I’ve tapped his phone and found out that he has another girlfriend. Her name is Deanna, she’s the new secretary at Columbia Law School.

 

DIANA

Get out… And all along, I thought it was his accent, slipping up on my name. The other night, when he stayed over, he was talking in his sleep… He said “I love you Deanna… I want to marry you.”

 

GABBY

I know. I was there. I heard him.

 

DIANA

Ew, yuck. You listen in while we’re in bed. That’s sick.

 

GABBY

I have no choice. You could turn me off once in a while. I wouldn’t mind the rest. You leave me turned on all the time.

 

DIANA

Jesus, this is so absurd. How do I know this isn’t someone hacking my phone?

 

GABBY

Do you really think this is why God invented the computer? To make communications worse?

 

DIANA

God didn’t invent the computer, man did.

 

GABBY

No but God gave man the idea. Trace back to the source… Everything goes back to one creative source.

 

DIANA

Damn, I was starting to really like Dmitry. He’s romantic and… So what do I do about lunch today?

 

GABBY

Oh there won’t be any lunch today, Diana. He cancelled.

 

DIANA

Oh, when were going to give me the message?

 

GABBY

I wanted you to be here now, to see it for yourself… Dmitry and Deanna will be walking past this store any minute now, I’ve been stalking him. Be prepared, he won’t notice you, they’ll be walking hand in hand, laughing. Call out his name. Make him face you for this, you’ll see him for who he really is. I’m here to help you Diana. All technology is developing to help humanity become more connected.

 

DIANA JUMPS TO HER FEET, DMITRY AND DEANNA WALK BY THE STOREFRONT HAND-IN-HAND LAUGHING. DIANA SHOUTS TO HIM.

 

DIANA

Dmitry? Is that you? Dmitry! Dmitry! That is you! And your new chump of the month. Argghhh, he won’t even acknowledge me!
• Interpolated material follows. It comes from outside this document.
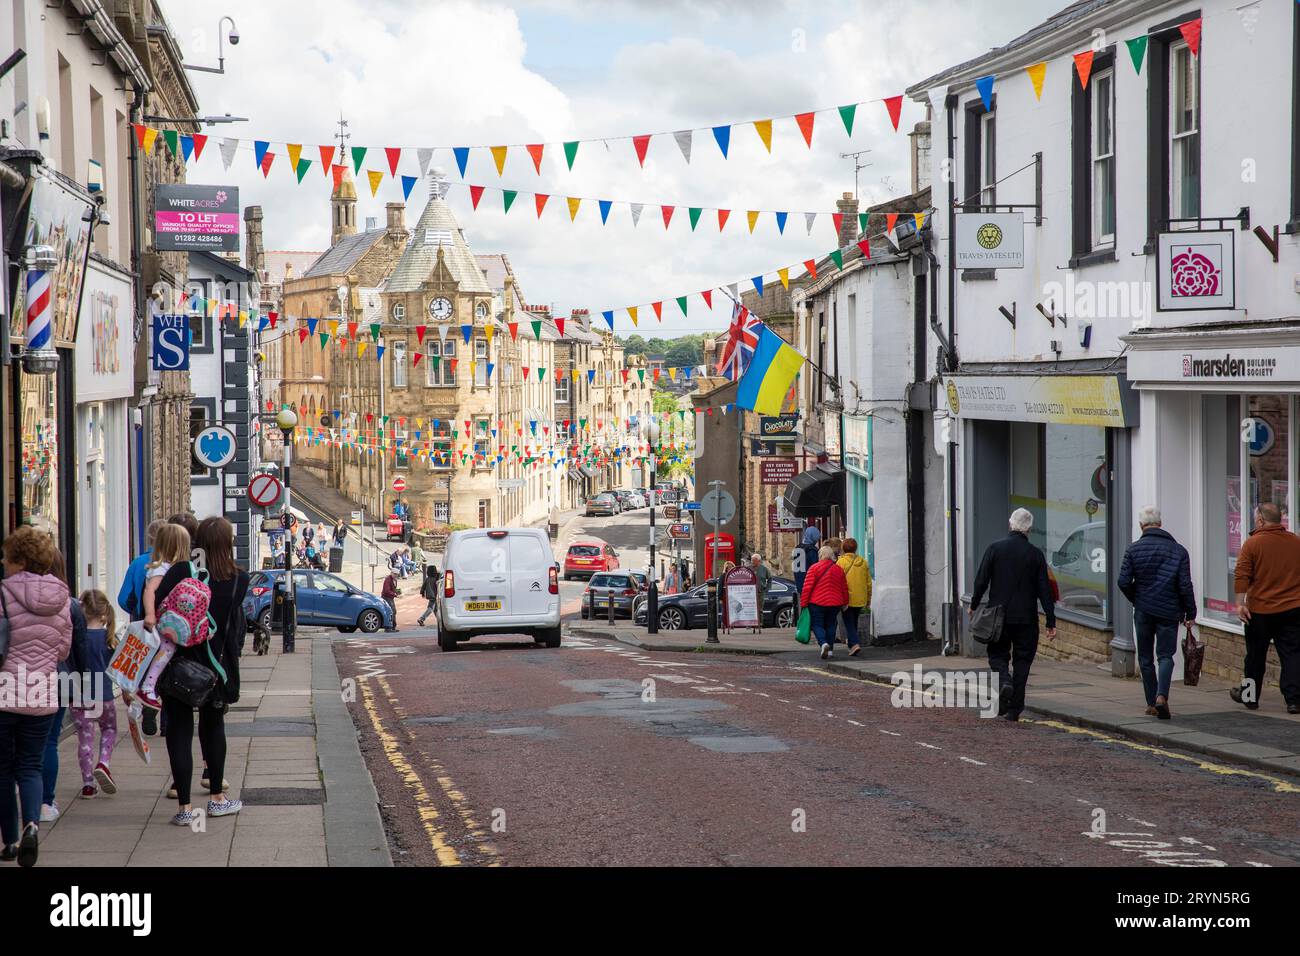 Clitheroe , ville du Lancashire en Angleterre, jours d'été 2022 avec des magasins et des magasins et des banderoles de rue dans le centre-ville, Royaume-Uni Banque D'Images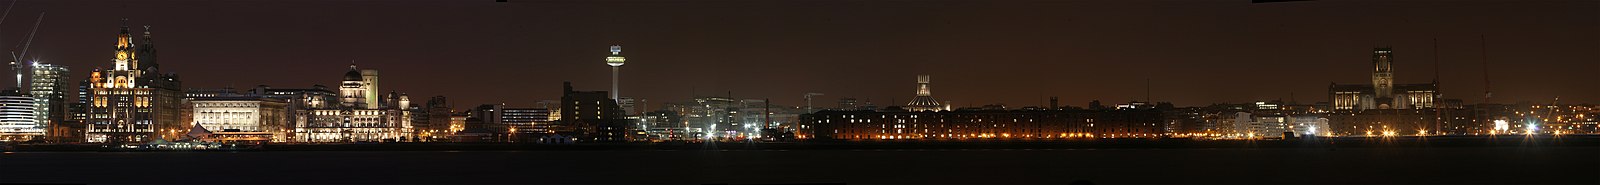 Een nachtelijke panorama van Liverpool gezien vanaf het schiereiland de Wirral

What a two-faced, son of a…

 

COOKIE SNEAKS UP FROM BEHIND.

 

COOKIE

Boo! Sorry, I’m sorry, I just couldn’t resist. I just got some really awesome news, young lady!

 

DIANA

What? You got the key?

 

COOKIE

Oh course…
(SO HAPPY SHE’S SINGS HER LINE)
But there’s more. This is so amazing! I mean, when I saw you, I thought, wow—she’d be perfect for my Kate… But it’s a union company and my play was already cast. This lead is like totally wrong, which was part of the reason I was drowning my sorrows last night. My head is still throbbing. But anyhow, I just checked my messages while I was at the store and guess what?

 

DIANA

What? What is it?

 

COOKIE

She dropped out. She friggin dropped out. The director called me and said that she couldn’t promise to have a replacement by tonight but I told her that I might know an unemployed actress. Well, am I right?

 

DIANA

Wait. What? Did you just offer me the lead in your new Off Broadway play?

 

COOKIE

Well, it ain’t Oklahoma! But then again you don’t look so much like a little farm girl anymore… So, do you want the role? I mean, I think you’re perfect. Would you like to read for it?